DIRECTIONS FOR THIS TASK: Once the line holding "The Input of IGBT" is found in the entries below, restate it and each line after it word for word, with no pictures.
━━━━━━━━━━━━━━━━━━━━
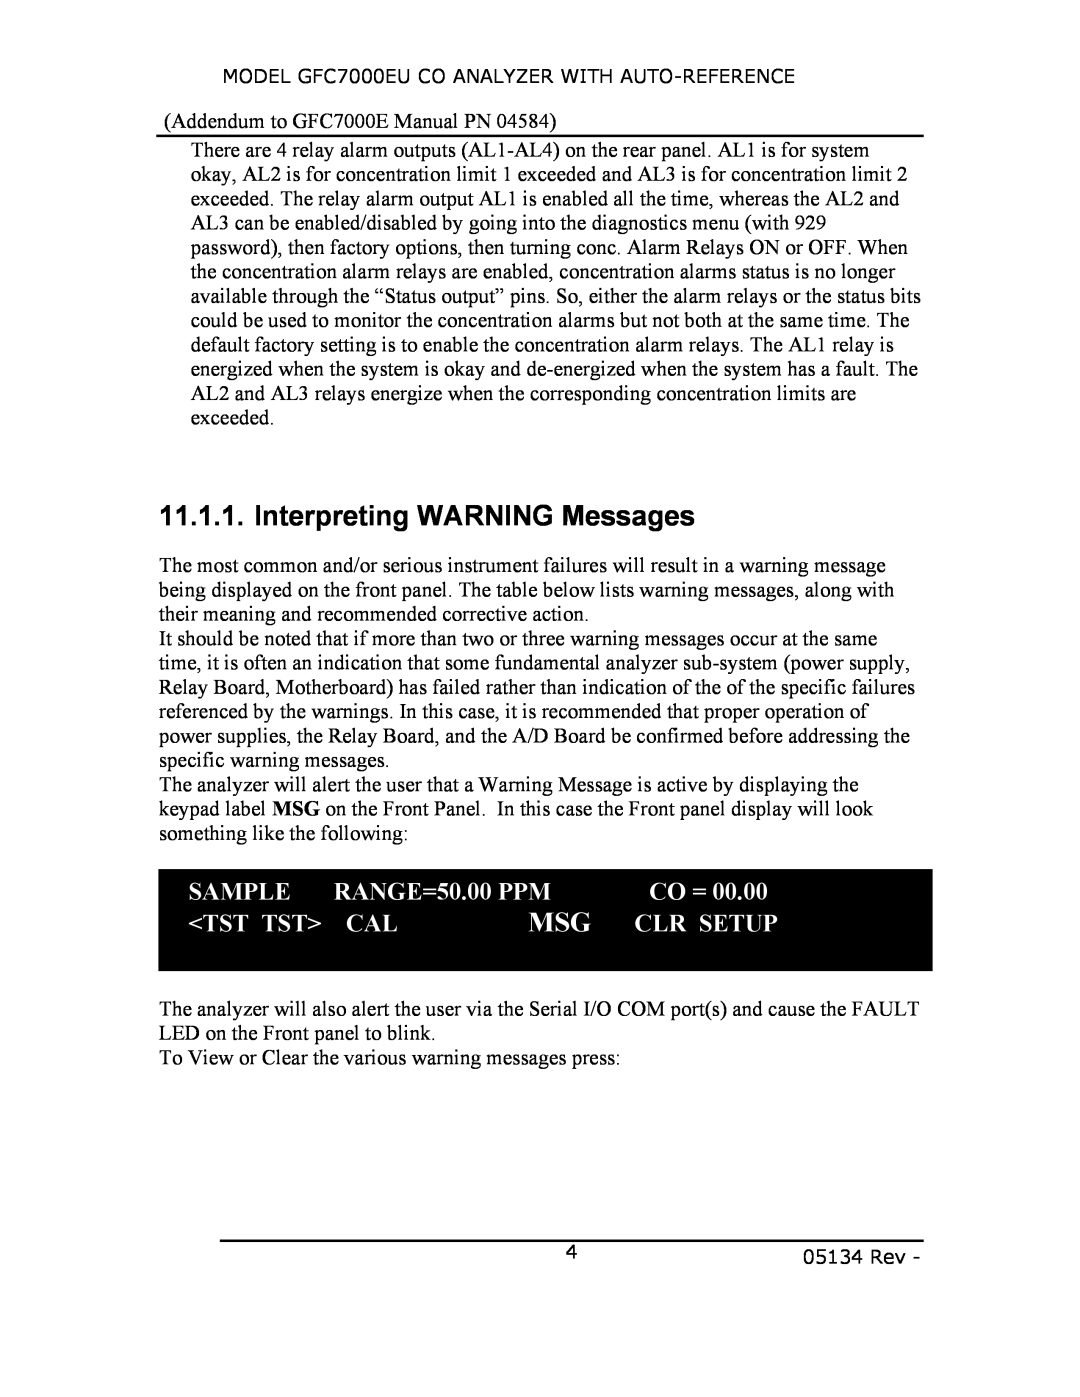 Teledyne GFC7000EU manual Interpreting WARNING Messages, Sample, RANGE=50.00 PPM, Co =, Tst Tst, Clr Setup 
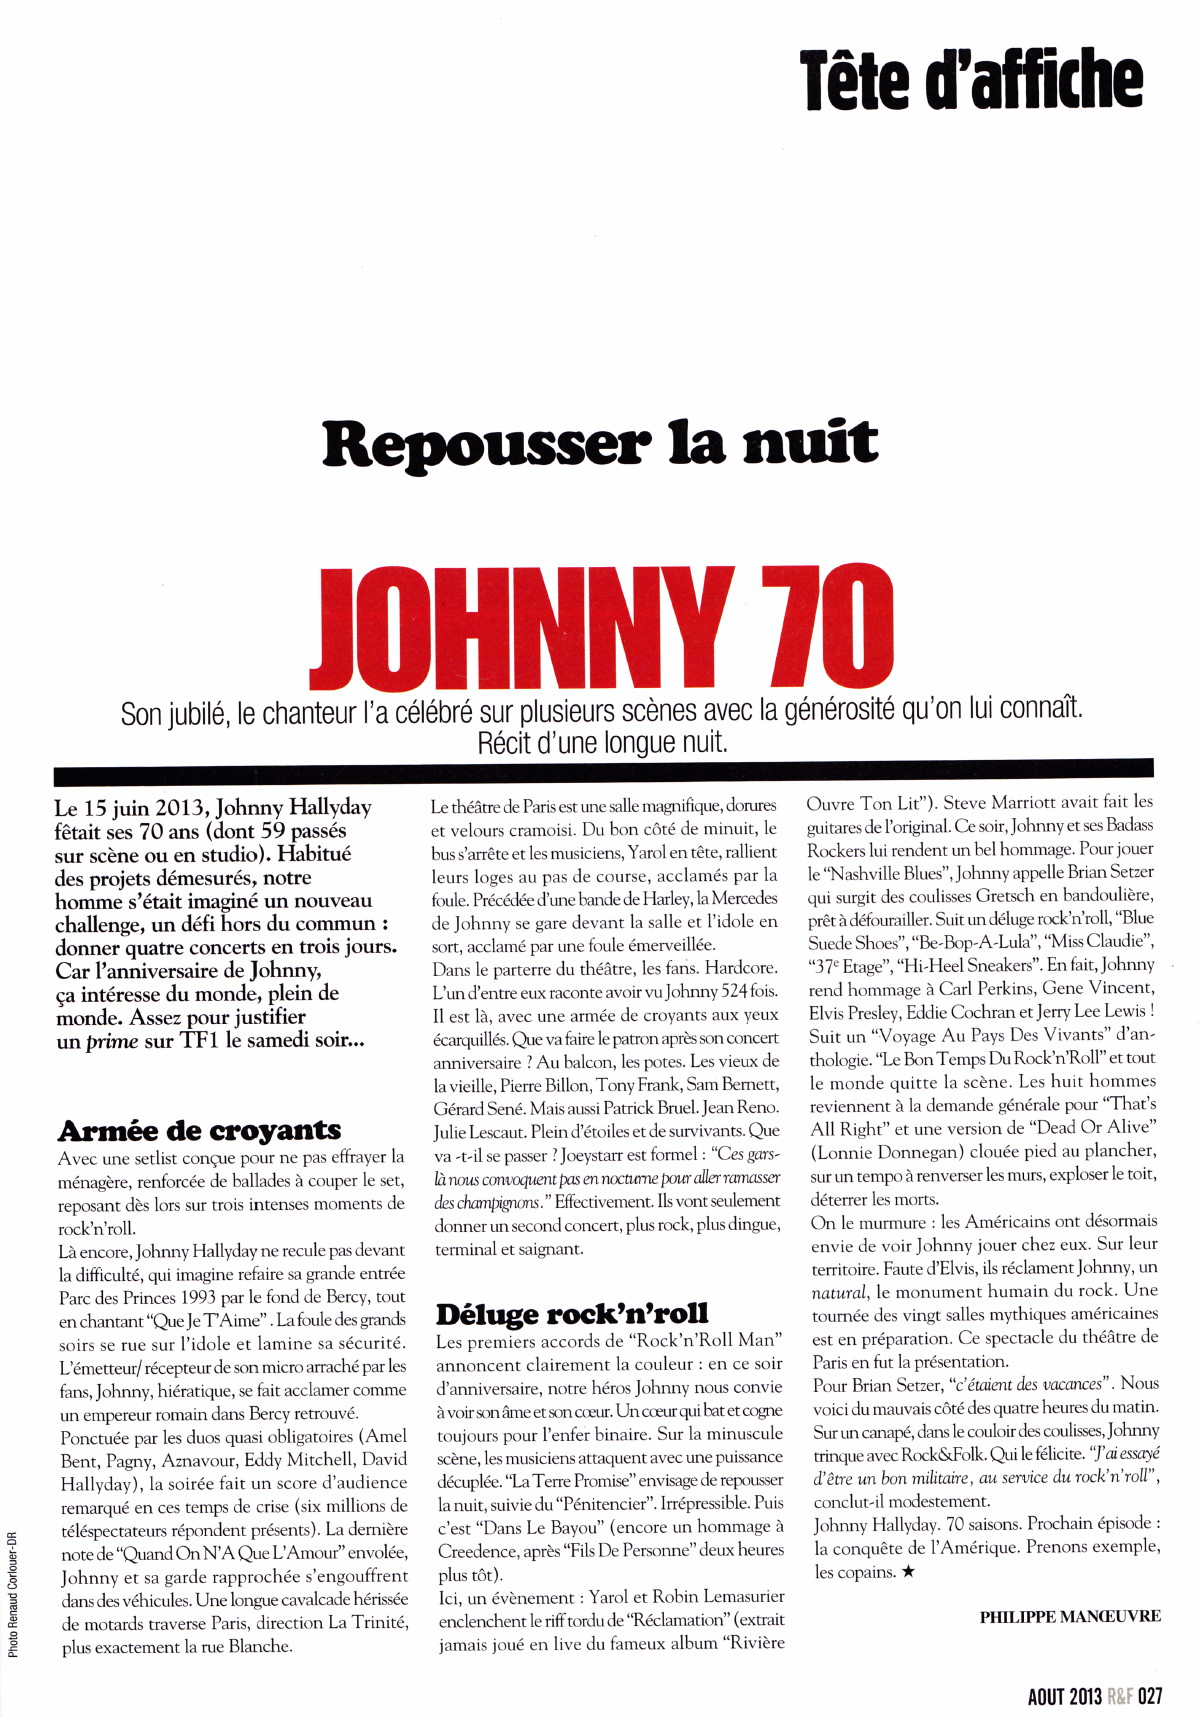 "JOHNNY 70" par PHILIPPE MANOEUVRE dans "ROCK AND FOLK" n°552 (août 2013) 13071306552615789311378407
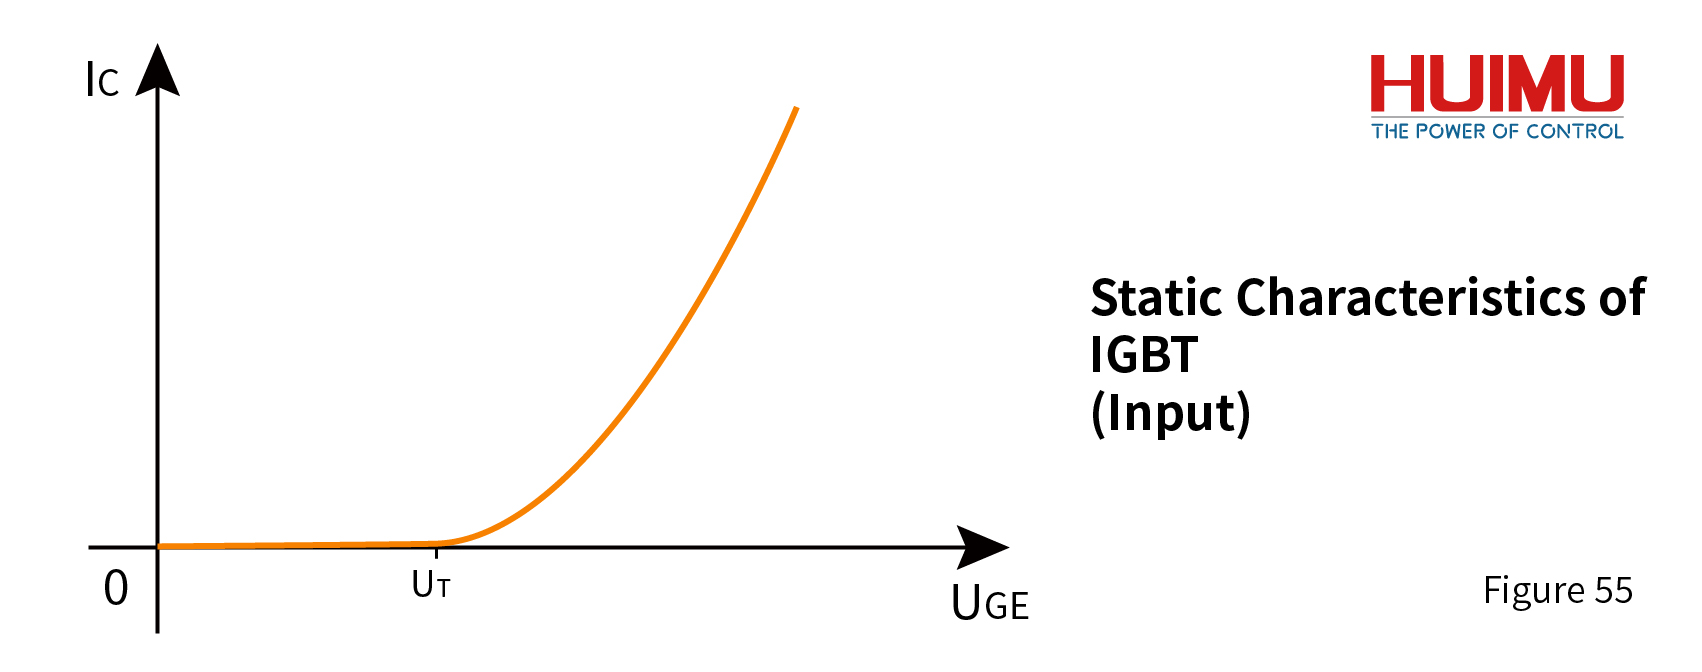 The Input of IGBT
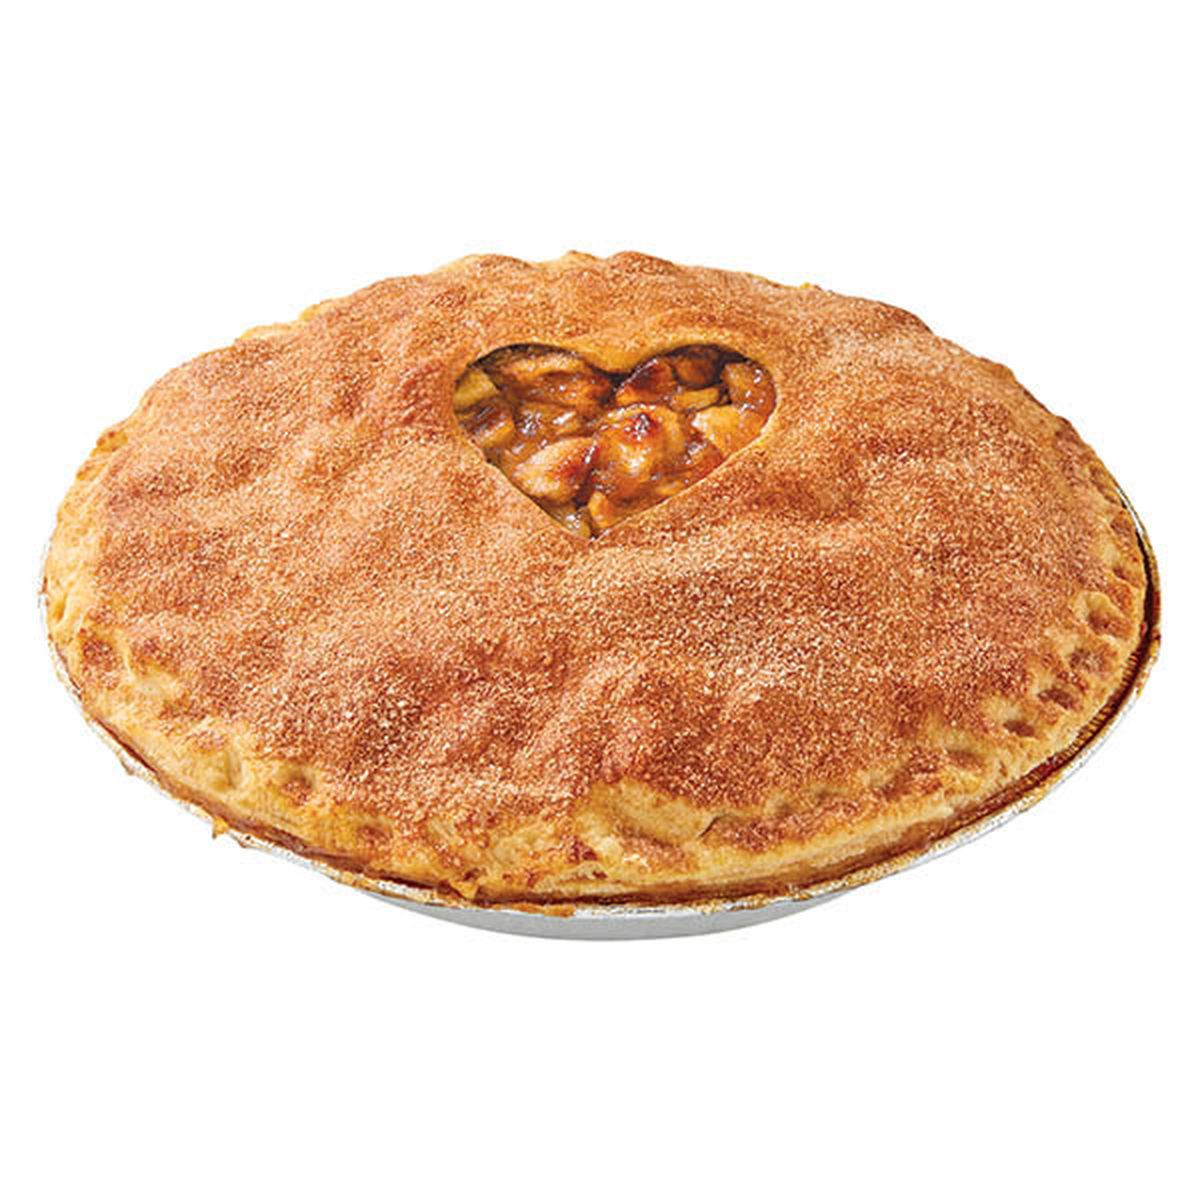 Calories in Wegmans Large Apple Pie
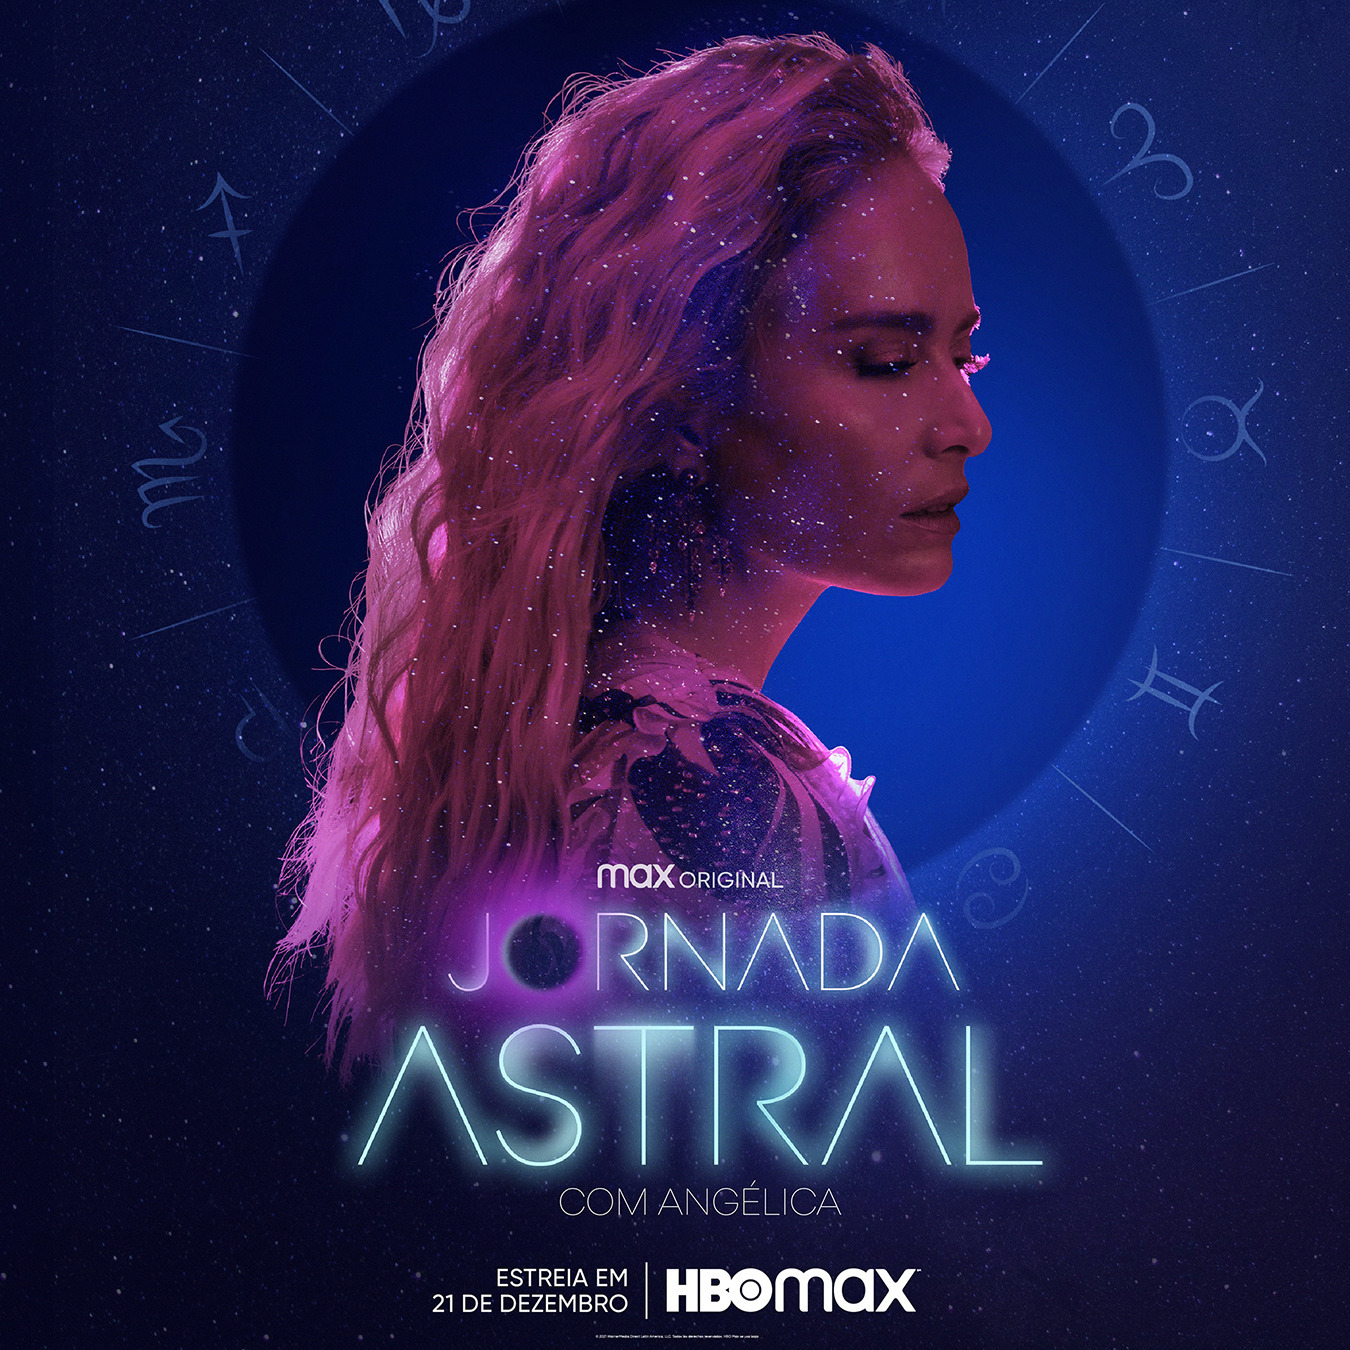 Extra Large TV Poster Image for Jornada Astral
━━━━━━━━━━━━━━━━━━━━
SOLVED PROBLEM:
 The Input of IGBT
 Calories in Wegmans Large Apple Pie
 Extra Large TV Poster Image for Jornada Astral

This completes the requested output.